Post pics of the relays, but from your description you fixed the fan relay. The fuel pump relay has a white-red and yellow-red wires diagonally across the relay from each other. Pull the relay and jump those two wires, if that works you'll need a relay.


----------



## gomerbf750 (Mar 21, 2012)

Brute running fine now wont start!! - MudInMyBlood Forums
the relay in this thread that the guy is holding is the one i had to rewire i did trade the relays out the relay is clicking and is putting power threw the two lower b/w wires


----------



## jbb (Dec 20, 2011)

did ya check the fuse?


----------



## jbb (Dec 20, 2011)

and if you have to do the pump. its so easy to change out. i just did mine. took maybe an 1 1/2 hrours.


----------



## gomerbf750 (Mar 21, 2012)

yea i know it wont be to bad to change i just want to make sure that i got everything else in line before i go to the pump does im goin to cheak it out somemore when i get home


----------



## Stimpy (Jan 26, 2012)

The one with all the blue wires is the fan relay.

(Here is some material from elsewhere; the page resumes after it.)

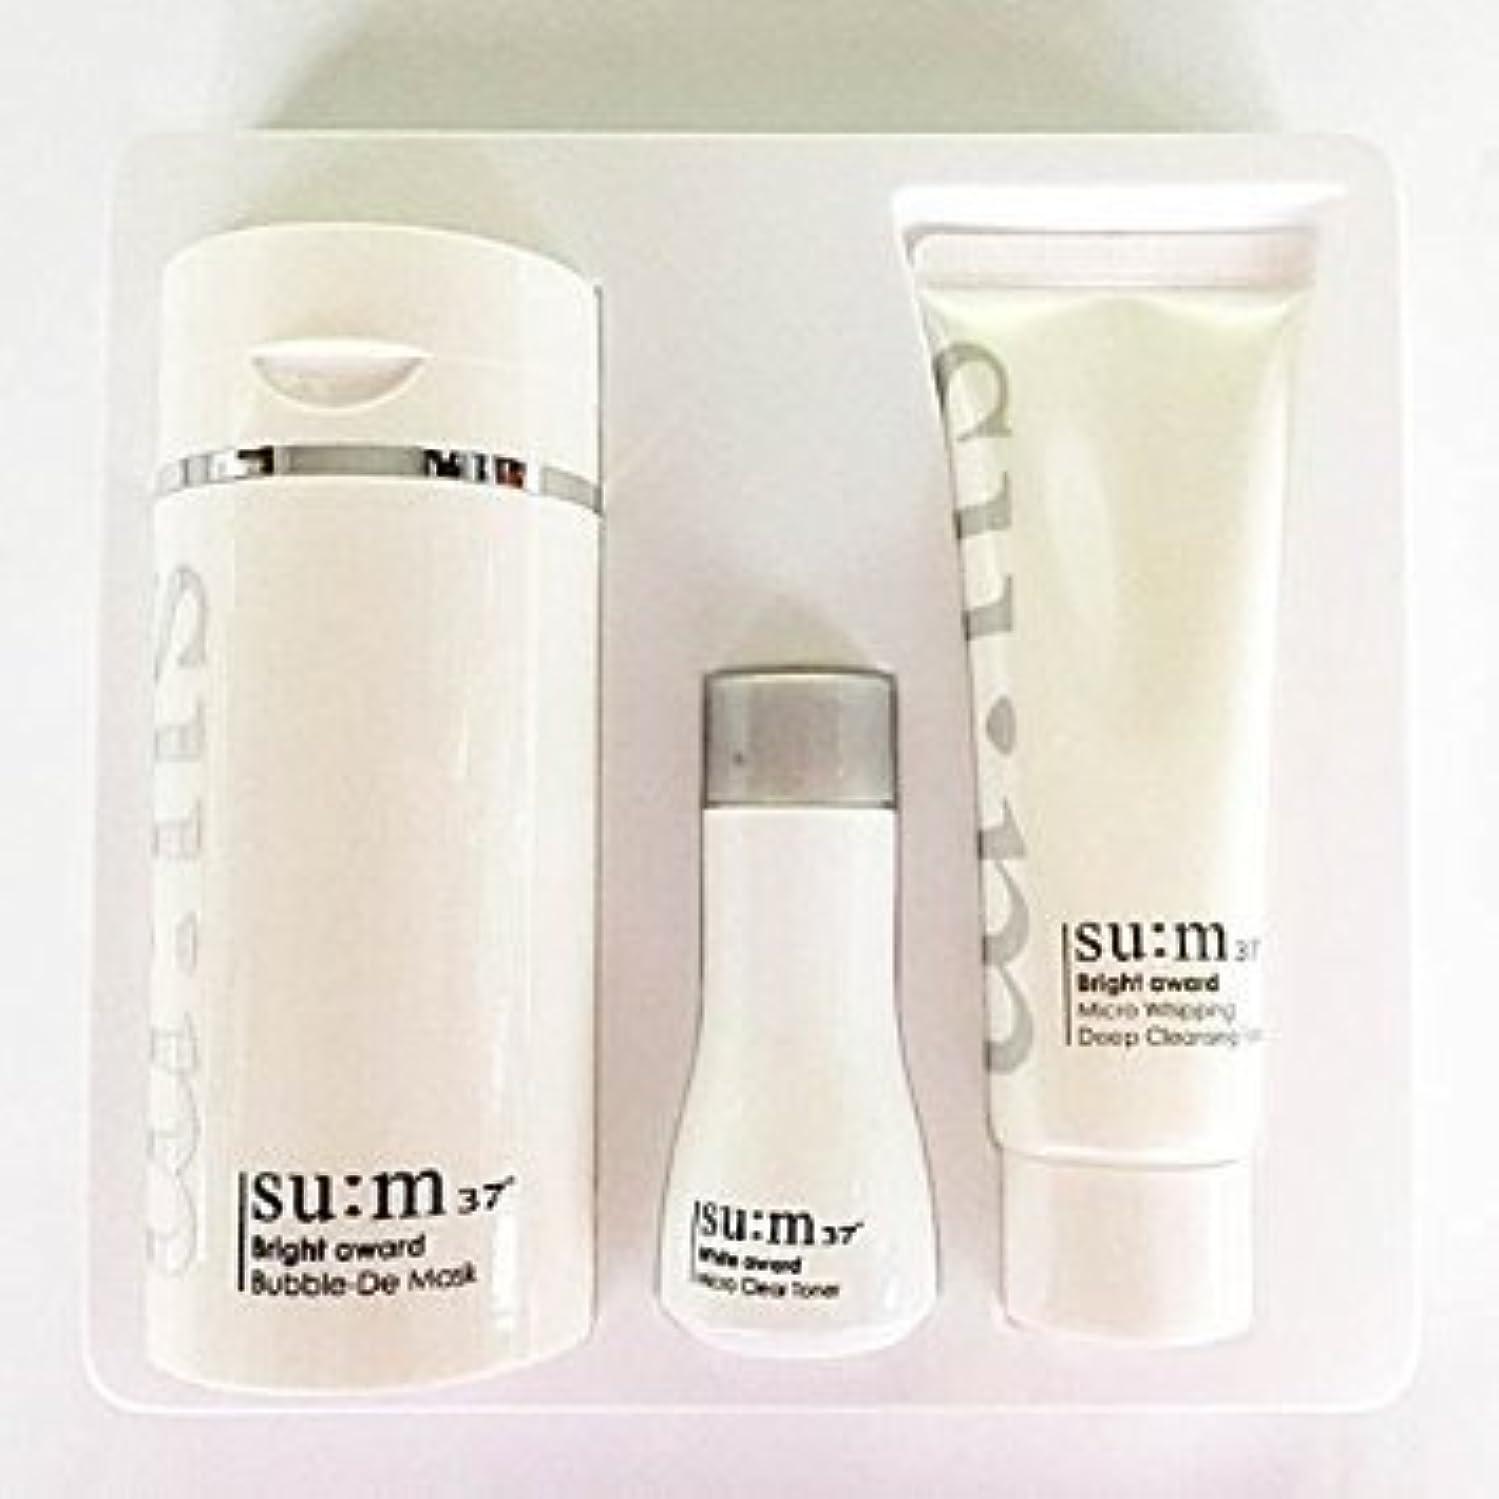 過半数モバイル除外するSu:m37°(スム37) Su:m 37 White Bright Award Bubble-De Mask Special Set 企画セット [並行輸入品]

This is the plug for the fuel pump relay. Try jumping it and see what happens. My relay tested good and clicked when the key came on but wouldn't kick on the pump.


----------



## gomerbf750 (Mar 21, 2012)

welp u was correct that plug was bad as well had one wire broke i wired another plug into it and tried 4 different relays in it and no go then i can bridge it over and pump kicks in and fires right up now what is the deal with that can i just put a fuese in place of the relay on the 2 wires i jumped over also the efi light is flashing jumped but nothing with a relay in it


----------



## Stimpy (Jan 26, 2012)

I purchased a new relay from my Kawi dealer. There high but plug and play. You can use any 4 prong relay if you can figure the diagrams to hook them up correctly. I don't recommend leaving it jumped or a fuse block as your fuel pump runs continuously in this configeration. Also while jumped the engine kill switch will operate the power to the pump. The jump is only a quick fix for when your stuck in the woods or need to get back to the trailer. Glad I could help and you got it figured out.


----------



## gomerbf750 (Mar 21, 2012)

stimpy thanks alot for all your help i have got things foin now but i got to buy a harnes i have plugs rotted everywere and dont think its safe to take on a ride evertime i get one plug fixed i find another that is bad and while putting it back together i broke two more wires on the fuse box so i think i will be better off just getting a harness thanks i learned alot on this trip. "note to self wash bike more often especially under the seat"


----------



## Stimpy (Jan 26, 2012)

Lol, several brutes being parted out on here, sure someone can hook you up with a harness. I just discovered all the info last weekend while troubleshooting mine. Good luck.


----------